Segregationist Bull Connor Refuses to Leave Office After Election Loss

On April 2, 1963, segregationist Eugene “Bull” Connor refused to leave office after losing the mayoral election in Birmingham, Alabama. Claiming that the newly elected mayor and city council did not have executive authority, he ordered the violent suppression of civil rights protests and the mass arrests of nonviolent demonstrators.

Connor had served six terms on the three-person Birmingham City Commission, the executive body of the city, since 1937. In his 1963 mayoral campaign, he ran on an aggressive segregationist platform, vowing to keep city pools and playgrounds closed rather than allow Black people entry and to flatly defy federal laws and court orders mandating integration.

Connor lost the mayoral race to former Alabama Lt. Gov. Albert Boutwell by over 7,000 votes, a result Connor attributed to “The Negro vote.” Rather than allow Boutwell to take office on April 2, Connor filed a lawsuit arguing he and the other commissioners could not be removed until 1965 and asserting their continued authority even as Boutwell began his term as the lawfully elected mayor. The stand-off with the two competing governments continued for more than six weeks.

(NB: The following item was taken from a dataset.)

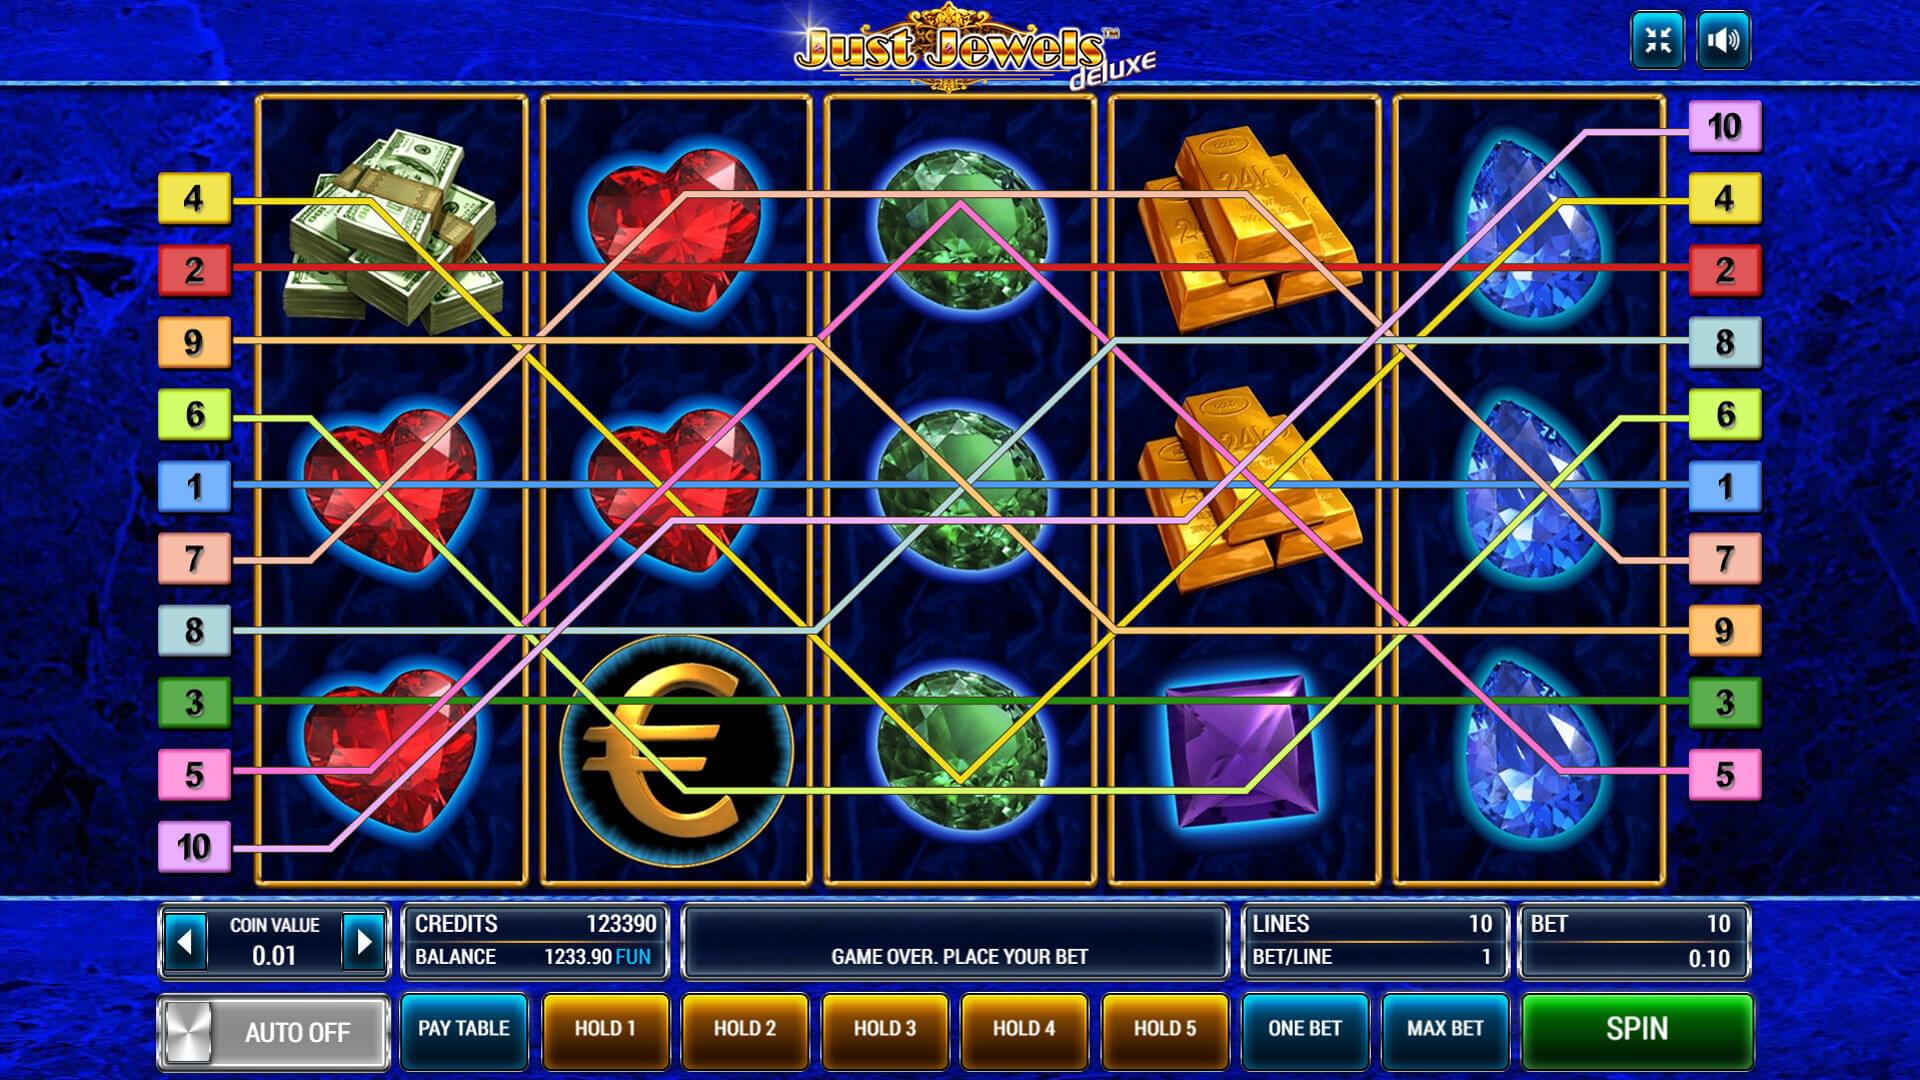 Изображение игрового автомата Just Jewels Deluxe 2

Nonviolent protests by the Alabama Christian Movement for Human Rights and the Southern Christian Leadership Conference against racial segregation and Connor’s platform began the next day, on April 3. Connor responded by ordering the police to arrest and disperse demonstrators with attack dogs. More than 100 people were arrested that week.

Weeks later, on May 2, while still refusing to leave office, Connor ordered the mass arrest of hundreds of the more than 1,000 children who had gathered near the 16th Street Baptist Church in downtown Birmingham as part of the Children’s Campaign against segregation. The next day, police under Connor’s authority deployed attack dogs and high-pressure fire hoses against the children, some as young as seven.

Connor eventually stepped down on May 23, 1963, after the Alabama Supreme Court unanimously ruled against him and in favor of Mayor Boutwell. After leaving office, he issued a statement, saying, “I don't believe I owe the taxpayers anything.”